Source code in ragraph/analysis/sequence/_genetic.py

@genetic_analysis
def genetic(
    graph: Graph,
    root: Optional[Union[str, Node]] = None,
    nodes: Optional[Union[List[str], List[Node]]] = None,
    evaluator: Optional[str] = params["evaluator"].default,
    n_chromosomes: Optional[int] = params["n_chromosomes"].default,
    n_generations: Optional[int] = params["n_generations"].default,
    p_crossover: Optional[float] = params["p_crossover"].default,
    p_mutation: Optional[float] = params["p_mutation"].default,
    p_swap: Optional[float] = params["p_swap"].default,
    inherit: bool = True,
    edge_weights: Optional[List[str]] = None,
    loops: bool = False,
    inplace: bool = True,
    names: bool = False,
    safe: bool = True,
    **kwargs,
) -> Tuple[Graph, List[Node]]:
    """docstring stub"""
    lineage = genetic_sequencing(
        graph,
        nodes,  # type: ignore
        n_chromosomes,  # type: ignore
        n_generations,  # type: ignore
        1,
        p_crossover,  # type: ignore
        p_mutation,  # type: ignore
        p_swap,  # type: ignore
        n_records=1,
        inherit=inherit,
        edge_weights=edge_weights,
    )

    best = lineage.hall_of_fame.chromosomes[0].genes

    seq = [nodes[i] for i in best]  # type: ignore
    return graph, seq

genetic_sequencing ¶

genetic_sequencing(
    graph: Graph,
    nodes: List[Node],
    n_chromosomes: int,
    n_generations: int,
    n_hall_of_fame: int,
    p_crossover: float,
    p_mutation: float,
    p_swap: float,
    evaluator: str = "feedback_distance",
    n_records: Optional[int] = None,
    inherit: bool = True,
    edge_weights: Optional[List[str]] = None,
) -> Lineage

Genetic sequencing of nodes in a graph.

Parameters:

Name	Type	Description	Default
`graph`	`Graph`	Graph holding data.	required
`nodes`	`List[Node]`	Nodes to sequence.	required
`evaluator`	`str`	Evaluation method to use. One of "feedback_distance", "feedback_marks", or "lower_left_distance".	`'feedback_distance'`
`n_chromosomes`	`int`	Number of chromosomes in each generation.	required
`n_generations`	`int`	Number of generations to simulate.	required
`n_hall_of_fame`	`int`	Hall of Fame size of best performing chromosomes.	required
`p_crossover`	`float`	Probability for a pair to be subjected to crossover.	required
`p_mutation`	`float`	Probability for each chromosome to be subjected to mutation.	required
`p_swap`	`float`	Probability for each gene to be swapped with another during mutation.	required
`n_records`	`Optional[int]`	Number of generation records to keep.	`None`
`inherit`	`bool`	Whether to inherit edges between children when getting the adjacency matrix.	`True`
`edge_weights`	`Optional[List[str]]`	Edge weights to consider when getting the adjacency matrix.	`None`

Returns:

Type	Description
`Lineage`	Lineage object containing generations of chromosomes, generation records and
`Lineage`	a hall of fame of best performing chromosomes.

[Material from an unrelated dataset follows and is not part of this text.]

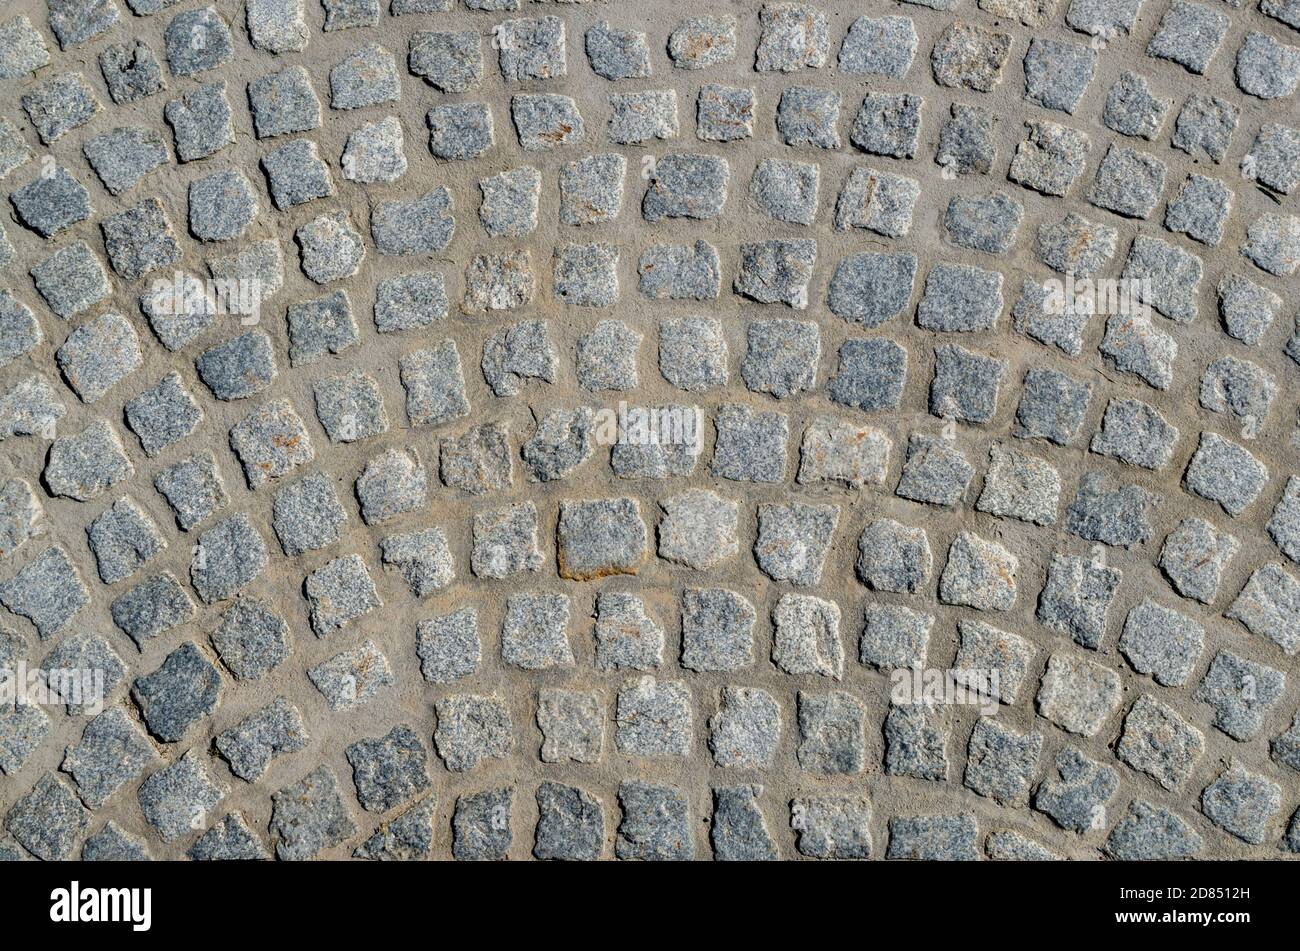 Un frammento di pavimentazione lastricata con blocchi di pietra grigiosa quadrata con bordi irregolari sotto forma di strisce arcuate semicircolari. Foto Stock
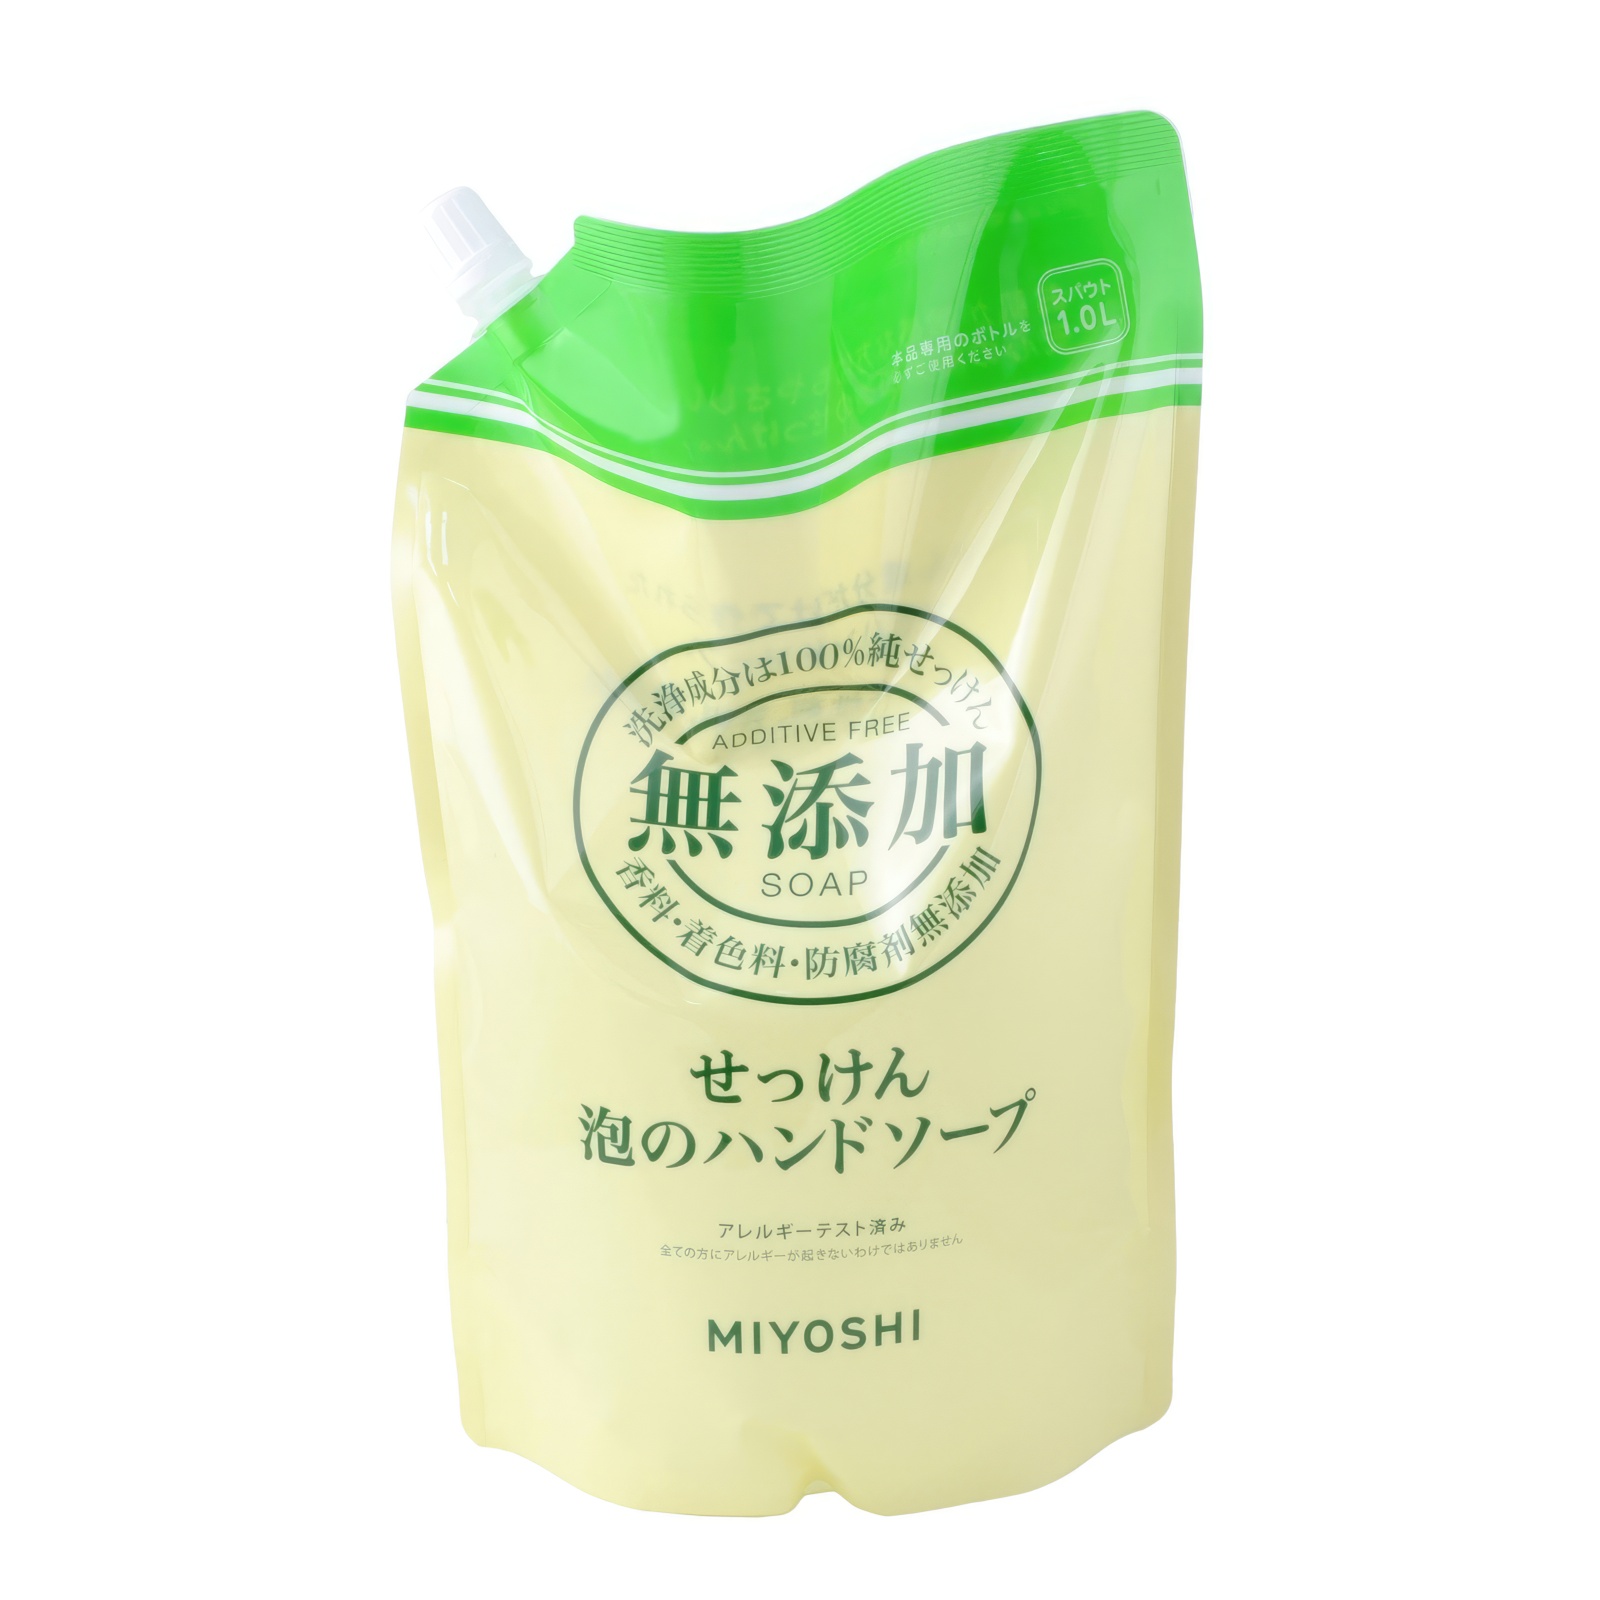 Жидкое мыло MIYOSHI Натуральное пенящееся эко для рук дойпак 1 л солнце и луна eco жидкое мыло для детей 0 2000

Source code in ragraph/analysis/sequence/_genetic.py

def genetic_sequencing(
    graph: Graph,
    nodes: List[Node],
    n_chromosomes: int,
    n_generations: int,
    n_hall_of_fame: int,
    p_crossover: float,
    p_mutation: float,
    p_swap: float,
    evaluator: str = "feedback_distance",
    n_records: Optional[int] = None,
    inherit: bool = True,
    edge_weights: Optional[List[str]] = None,
) -> Lineage:
    """Genetic sequencing of nodes in a graph.

    Arguments:
        graph: Graph holding data.
        nodes: Nodes to sequence.
        evaluator: Evaluation method to use. One of "feedback_distance",
            "feedback_marks", or "lower_left_distance".
        n_chromosomes: Number of chromosomes in each generation.
        n_generations: Number of generations to simulate.
        n_hall_of_fame: Hall of Fame size of best performing chromosomes.
        p_crossover: Probability for a pair to be subjected to crossover.
        p_mutation: Probability for each chromosome to be subjected to mutation.
        p_swap: Probability for each gene to be swapped with another during mutation.
        n_records: Number of generation records to keep.
        inherit: Whether to inherit edges between children when getting the adjacency
            matrix.
        edge_weights: Edge weights to consider when getting the adjacency matrix.

    Returns:
        Lineage object containing generations of chromosomes, generation records and
        a hall of fame of best performing chromosomes.
    """
    matrix = graph.get_adjacency_matrix(nodes, inherit=inherit, only=edge_weights)
    vec = [x for row in matrix for x in row]

    ekinds = dict(
        feedback_distance=EvaluatorKinds.FeedbackDistance,
        feedback_marks=EvaluatorKinds.FeedbackMarks,
        lower_left_distance=EvaluatorKinds.LowerLeftDistance,
    )
    evaluator = EvaluatorMatrix(ekinds[evaluator], vec, 1)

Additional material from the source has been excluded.